IN THE U.S. UP TO 2-5% OF WOMEN AND 1-3% OF MEN CONSIDER THEMSELVES BISEXUAL. At least that is what the 2011 survey says (in reality there could have been many more already back then). In Russia such surveys are not conducted at all, so we can only guess at the bisexual potential of our country. Apart from those who identify and accept themselves as bi, there are many other people who feel attracted to people of the “wrong” sex – but due to public stigma and lack of information they believe that there is something wrong with them and try to quietly suppress the “wrong” feelings.
Around the world, bisexual people are under the double burden of stereotypes and discrimination – both conservative heterosexuals and the LGBT community view them with suspicion. Bisexual identities often seem to be erased depending on who the person is in a relationship with right now: “What kind of bisexual are you if you have been dating a man for a long time?”, “Before, your partner was a man, but now a woman? It’s clear, you’re actually a lesbian, you just didn’t realize it right away.” Don’t let this confuse you: bisexuality is not a term for “undecideds” or a “transitional phase.” We’ve looked into what the science says about this orientation and asked bisexual people to share their experiences.
Freud and Kinsey
Bisexuality first received attention in the scientific literature in the 19th century – Dr. Wilhelm Fliss suggested that in general all people are bisexual at birth and then their hetero- or homosexual identity is formed. Then, to describe adults with simultaneous hetero- and homosexual attraction, the not-so-pleasant term “psychosexual hermaphroditism” was used. Sigmund Freud rigidly divided sexual orientation into heterosexual and inverted (“reverse” in Latin), viewing “psychosexual hermaphroditism” as a subtype of homosexuality. The term “bisexuality” that we use today was coined by English physician and founder of sexology, Havelock Ellis. He was the first to single out bisexuals as a separate category and the first scientist to argue that orientations other than heterosexuality are not pathological.

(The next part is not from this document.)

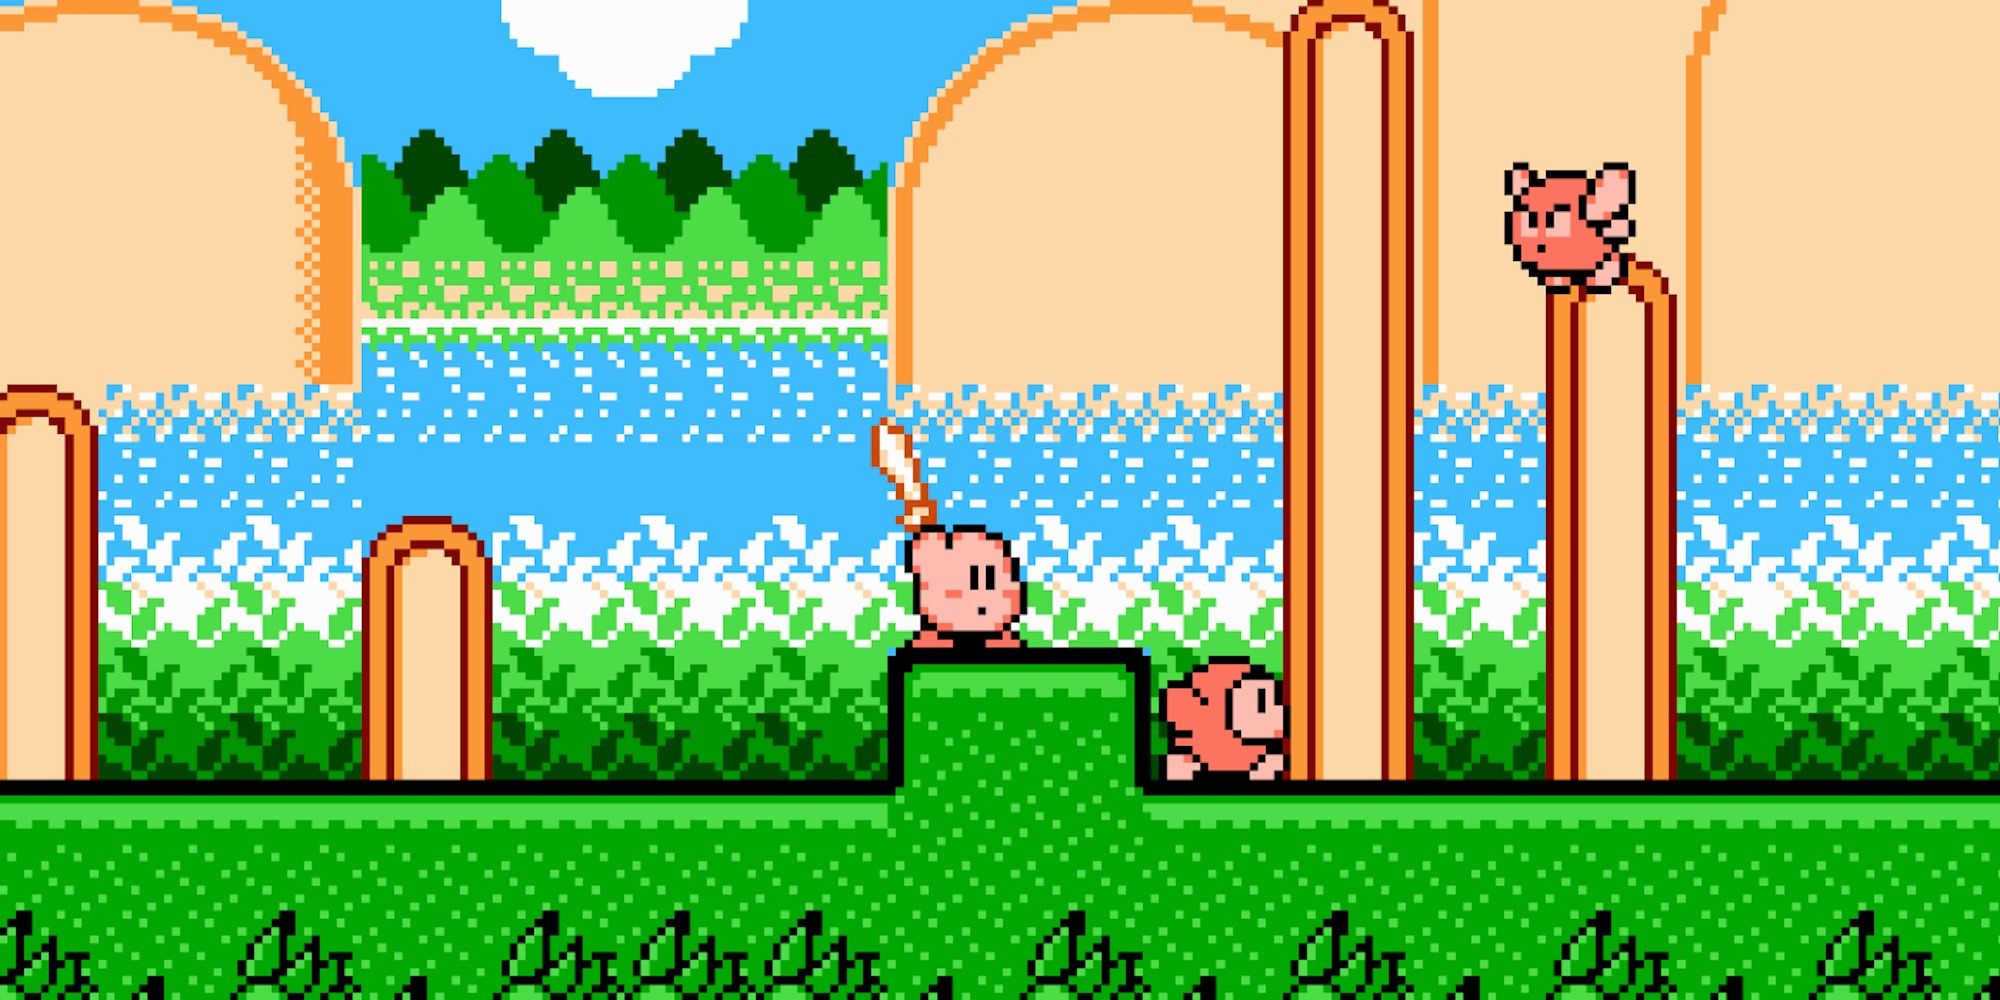 Fight enemies in Kirby's Adventure

Alfred Kinsey, the first researcher in the field of sexology in the United States, presented sexual behavior as a continuum – a famous scale with exclusive heterosexuality on one end and exclusive homosexuality on the other. Kinsey conducted a study, on the basis of which he later wrote the book Sexual Behavior of the Human Male. He encountered the fact that people could not be divided into hetero- and homosexuals only: approximately 15 percent of the men he surveyed had had sexual contacts with members of both sexes in the past three years, with varying degrees of bisexuality. In 1948 Kinsey invented a seven-point scale reflecting the ratio of homosexual to heterosexual contacts in a person’s life. You can take the test and determine your place on the Kinsey scale right now-it can be done online (but don’t take the results too seriously-we’ll tell you why).
Apples and bananas
Although the Kinsey scale is still in use today, it is criticized for placing the categories of homoeroticism and heteroeroticism on the same plane, as if an increase in homosexual attraction leads to a decrease in heterosexual attraction and vice versa. In reality this is not the case – that is why Michael Storms proposed a two-dimensional model of sexual orientation in 1978. Nevertheless, the Kinsey scale is still good as a visual example if you want to tell someone about the diversity of orientations.

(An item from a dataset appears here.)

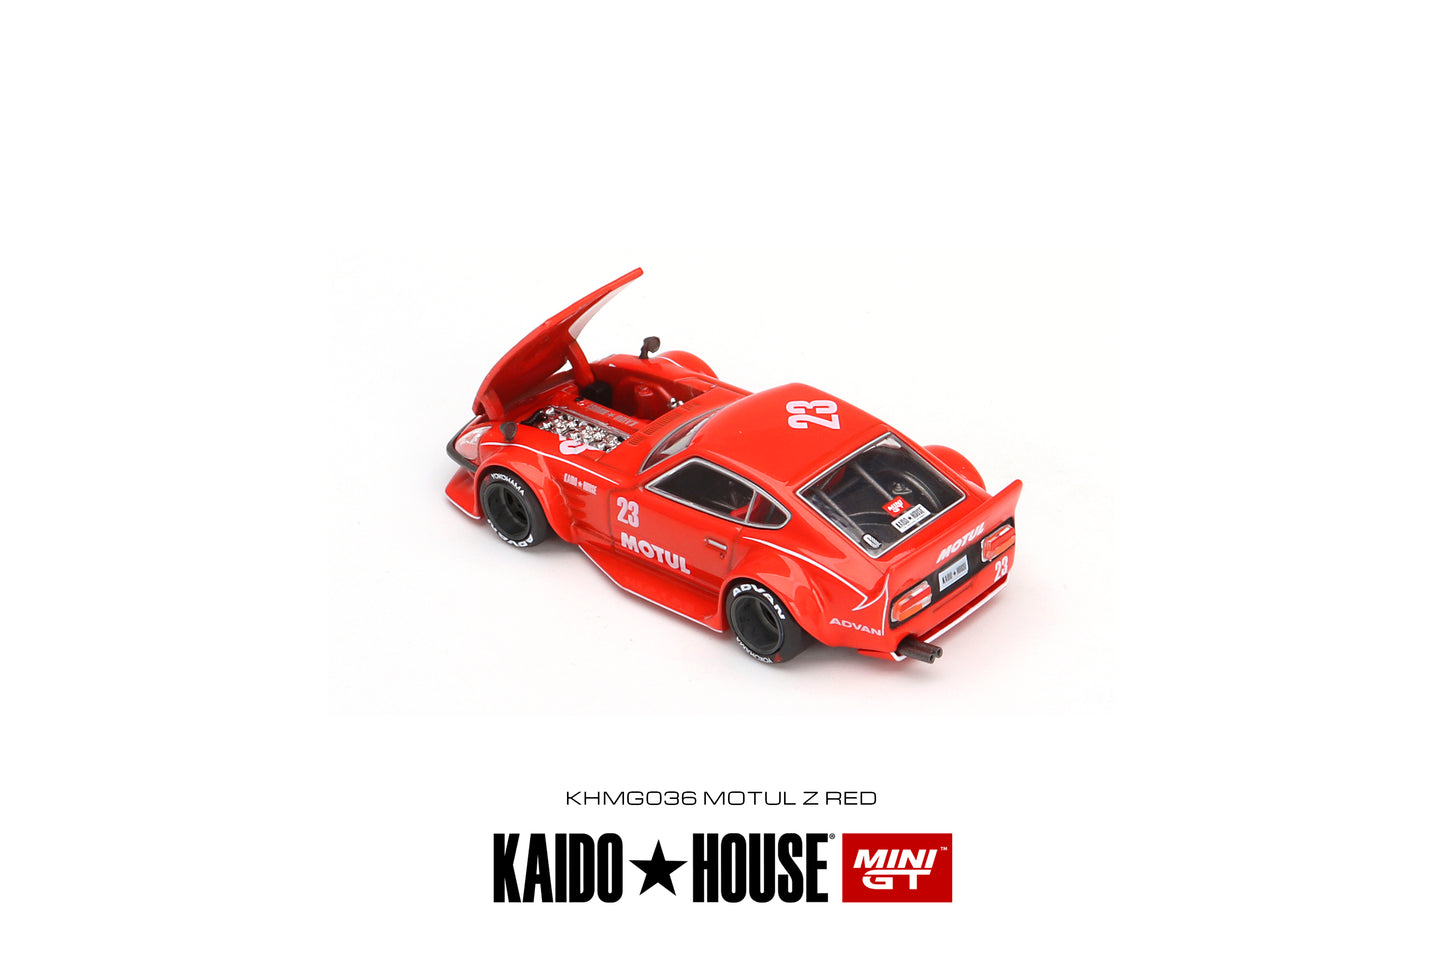 Mini GT Kaido House 036 Datsun Fairlady Z Red 1:64

Only the metaphor of apples and bananas suggested by LGBT activists is even better: imagine being offered an apple or a banana – what would you choose? There will be people who, 100 percent of the time, will choose an apple because they don’t like bananas at all. There will also be those who will do the opposite – they will always refuse an apple. But there will be many more who are not so categorical: many people will want one fruit today and another tomorrow, or they will prefer bananas in 60% of cases, and in other cases they will crunch on an apple with pleasure. As you understood, this edible analogy illustrates the ratio of heterosexual, gay and bisexual people, and hints at the heterogeneity of bisexuality – although in life it is even more complicated (someone will refuse any fruit at all), the explanation about apples and bananas is enough for a basic understanding.
Since 1990, the approach to assessing sexual orientation has become much broader – not only sexual attraction, behavior, and fantasies are taken into account, but also emotional and social preferences, lifestyle, and self-identity. Instead of a scale and then a graph, Free Klein developed the “sexual orientation grid” (Klein Sexual Orientation Grid) – a multidimensional system in which the above parameters are also evaluated according to three categories: past, present and ideal.

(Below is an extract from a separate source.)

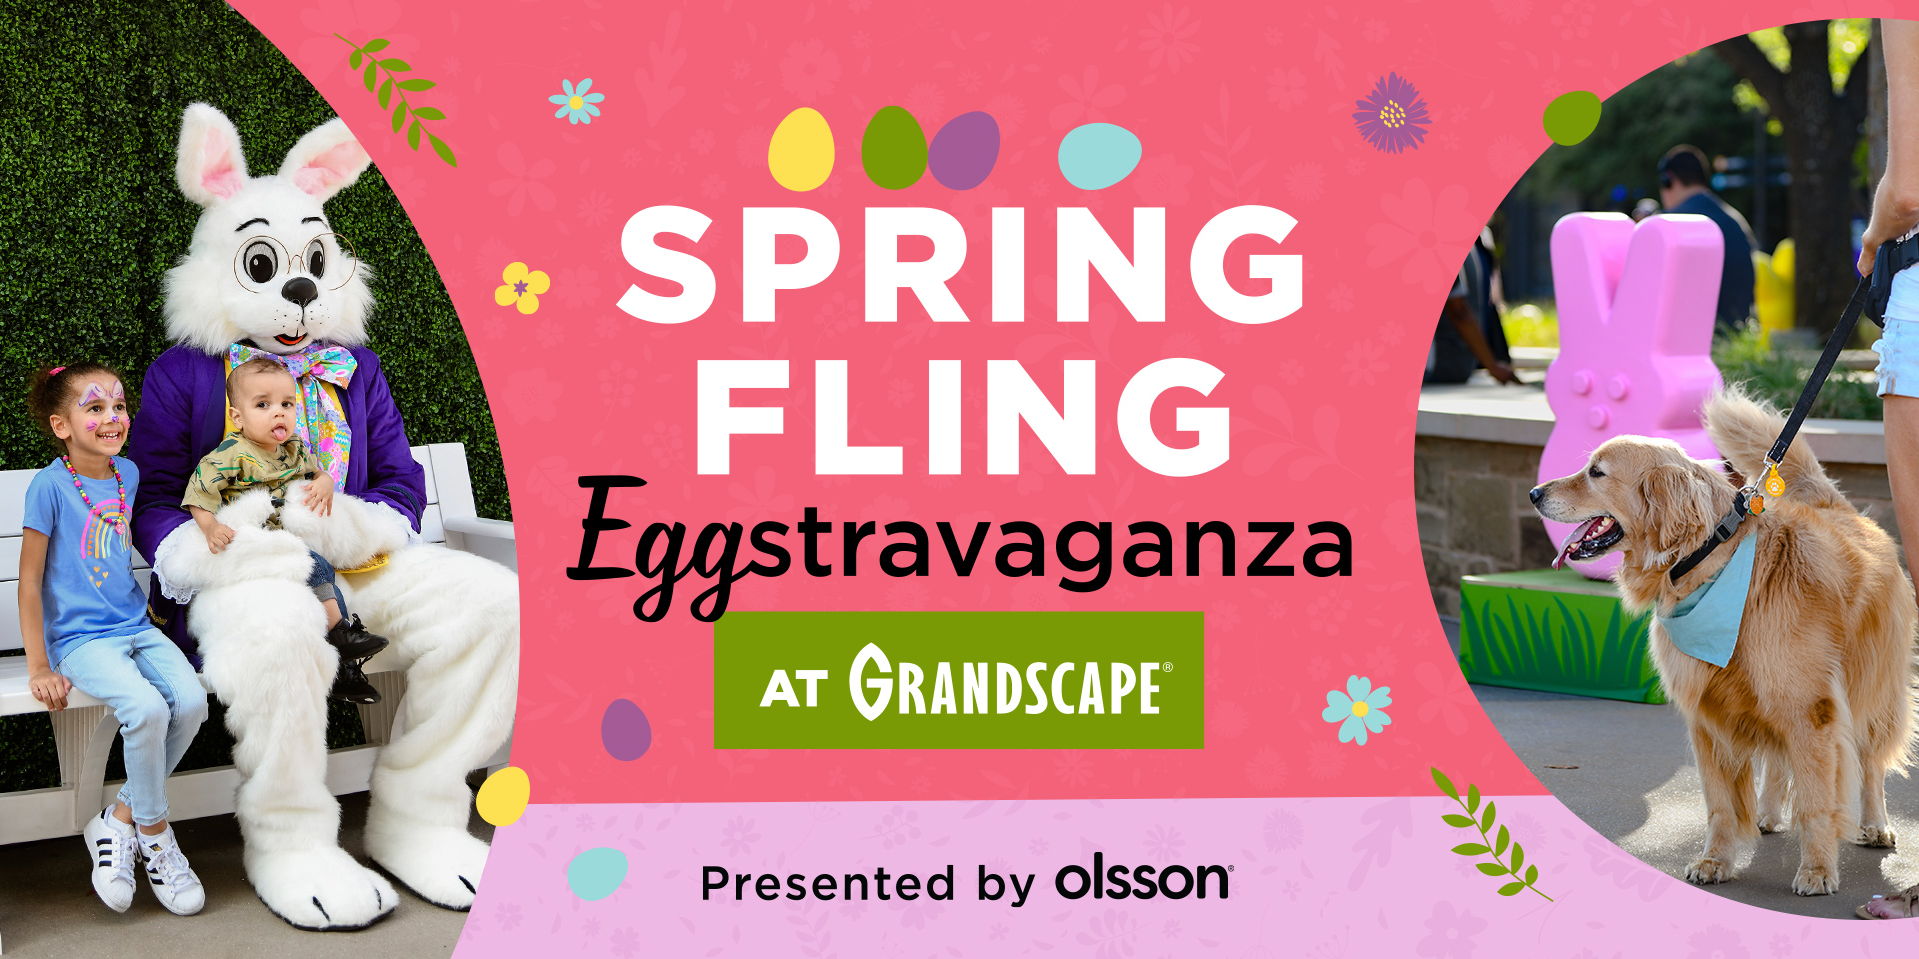 Spring Fling Eggstravaganza promotional image

There are different components of a person’s sexuality: orientation (i.e., emotional, romantic, sexual or erotic attraction), identity (how a person describes his sexuality) and behavior (how a person realizes his sexuality in practice). Bisexuality can manifest itself as separate elements or combinations of elements: For example, a woman can call herself bisexual, but never put her attraction to women into practice. Even if she goes on dates and only has sex with men, that doesn’t make her “not enough” bisexual.
My journey to realizing my identity and orientation was a long one. My interest in people of my own sex was awakened in my school days, but it was scary to express it then. For a long time I didn’t take it very seriously, through the prism of something bedding and sexy, nothing more than that. I didn’t even think of it as homo- or bisexuality, but as having some kind of female alter ego in me. The turning point for me was when, being in a monogamous heterosexual relationship and genuinely loving my partner, I met a guy and fell head over heels in love with him. It was the romantic attraction to a man of my sex that was the last piece of the mosaic that was missing to fully realize myself, my orientation and identity.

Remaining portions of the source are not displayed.